I met Richard Brautigan at Enrico's cafe on Broadway and Kearny down the street from City Lights Bookstore in San Francisco in 1971. It was 1:30 AM and I had just ended my shift as a cocktail waitress at the infamous strip club The Condor. Enrico the owner of the bistro wanted me for I was underage and looked it. He promised to set me up in my own apartment. He never had me but would rub my knee while I ate my club sandwich and drank my hot cocoa. He would always give the taxi driver ten dollars to take me home.

Enrico introduced me to Richard Brautigan in mid-January and it surprised Enrico when I told the table that I had written a term paper on him the year before as a sophomore in high school. That is when Enrico stopped wanting me, for the turn on was that I knew nothing and now that I revealed myself I would have to pay for my own damn sandwich. I knew Brautigan's poetry by heart and when I spoke Richard became enamored. Richard was drunk, despondent, and disillusioned but I was a devoted fan.

So that is how I met Richard Brautigan. I later met Kathey Acker as my teacher at the San Francisco Art Institute, who introduced me to Gregory Corso, who introduced me to Bukowski at Brautigan's funeral.

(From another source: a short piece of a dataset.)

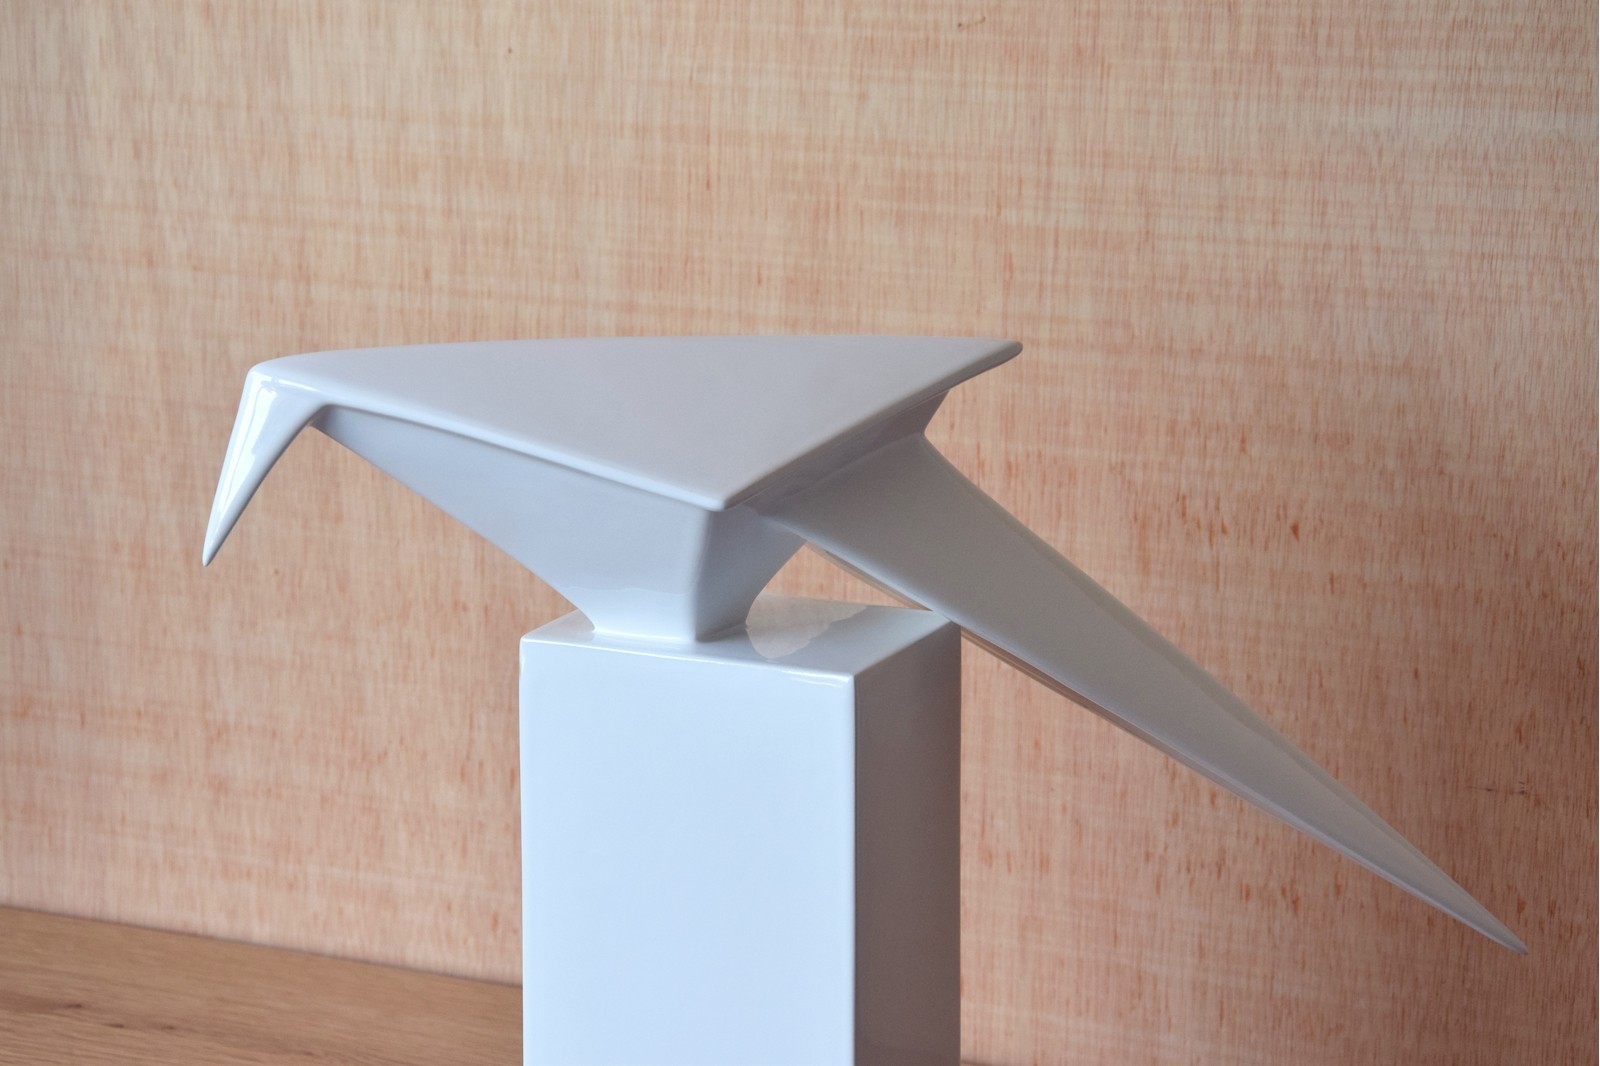 ORIGAMI BIRD COLLECTION. CERAMIC SCULPTURE WHITE GLOSSY

The Brautigan issue with Bukowski was that I became pregnant with Richard and had an emotionally, highly charged, dramatic illegal abortion in Mexico. A conflict and an intimacy that Charles grew envious and jealous of as his feelings for me deepened. The fact that I actually read Brautigan and never read Bukowski made matters worse. So now you know. I had an affair with Bukowski and never read any of his goddamn books (112).

Whether McClure's reference speaks to Finley's alleged abortion with Brautigan, or whether it is a reference to a second alleged abortion, is uncertain. Finley's reference to an abortion with Brautigan seems unlikely. First, Finley claims she met Brautigan in mid-January 1971, and therefore the abortion she alleges sharing with Brautigan would have been after this date. Of note: Finley, born in 1956, would have been 15 when she met Brautigan. Finally, Brautigan wrote The Abortion in the mid-1960s, well before Finley claims to have first met him. For these reasons it seems unlikely that an alleged abortion shared with Finley could have had a direct influence on the writing of the novel.

Brautigan's notebooks record his trip to Tijuana, Mexico, where he collected notes that were used in the writing of this novel. But, despite these notes, and the references noted above, no evidence has been found that Brautigan actually participated in an abortion with anyone.

Dedication

Frank [Curtin]:
come on in —
    read novel —
    it's on table
    in front room.
I'll be back
    in about
    two hours.
              Richard

After moving into his apartment at 2546 Geary Boulevard, summer 1966, Brautigan asked his neighbor, Lois Weber, wife of photographer Erik Weber to leave a note for Frank Curtin who planned to visit the apartment and read the manuscript of Brautigan's new novel. She pinned a note to Brautigan's front door. When he returned to his apartment, Brautigan found the note still pinned to the front door. He removed it, and typed it verbatim into his manuscript as the dedication, another example of his use of found art in his writing. Brautigan later used the dedication page from the manuscript as a thank you note to Lois Weber.